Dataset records
*** Block opens ***
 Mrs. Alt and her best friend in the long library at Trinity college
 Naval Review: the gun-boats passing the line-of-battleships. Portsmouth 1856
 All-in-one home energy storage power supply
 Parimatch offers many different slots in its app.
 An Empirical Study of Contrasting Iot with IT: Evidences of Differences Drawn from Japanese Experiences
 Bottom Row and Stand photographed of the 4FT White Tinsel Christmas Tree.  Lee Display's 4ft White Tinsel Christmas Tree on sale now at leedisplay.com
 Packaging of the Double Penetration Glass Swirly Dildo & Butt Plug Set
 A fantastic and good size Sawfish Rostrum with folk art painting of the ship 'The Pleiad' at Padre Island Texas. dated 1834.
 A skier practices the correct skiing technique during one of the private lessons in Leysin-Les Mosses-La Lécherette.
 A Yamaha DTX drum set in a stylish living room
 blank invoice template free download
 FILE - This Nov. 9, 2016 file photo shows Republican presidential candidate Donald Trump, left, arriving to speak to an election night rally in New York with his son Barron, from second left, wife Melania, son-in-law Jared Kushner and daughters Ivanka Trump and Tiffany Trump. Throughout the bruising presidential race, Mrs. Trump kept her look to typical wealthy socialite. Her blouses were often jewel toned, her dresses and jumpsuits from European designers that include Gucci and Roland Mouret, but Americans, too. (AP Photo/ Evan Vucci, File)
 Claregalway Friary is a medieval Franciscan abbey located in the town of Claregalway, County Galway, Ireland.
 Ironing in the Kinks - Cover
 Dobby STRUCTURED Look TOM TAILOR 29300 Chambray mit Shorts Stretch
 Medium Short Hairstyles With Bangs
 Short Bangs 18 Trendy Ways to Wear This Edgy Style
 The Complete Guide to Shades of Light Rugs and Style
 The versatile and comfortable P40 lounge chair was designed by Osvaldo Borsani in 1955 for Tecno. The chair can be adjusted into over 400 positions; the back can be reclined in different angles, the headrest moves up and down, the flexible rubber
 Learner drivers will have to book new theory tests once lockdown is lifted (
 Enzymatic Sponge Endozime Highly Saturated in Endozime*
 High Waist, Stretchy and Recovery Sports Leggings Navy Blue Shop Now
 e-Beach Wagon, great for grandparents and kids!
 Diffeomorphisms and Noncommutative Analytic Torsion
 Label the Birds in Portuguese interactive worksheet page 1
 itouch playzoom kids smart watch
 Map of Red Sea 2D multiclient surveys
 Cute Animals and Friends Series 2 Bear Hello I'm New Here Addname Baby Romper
*** Block closes ***
WHAT TO WORK ON: For the string "different", give the number of lines in the data that contain it, and only that number.

RESPONSE TO THE TASK: 2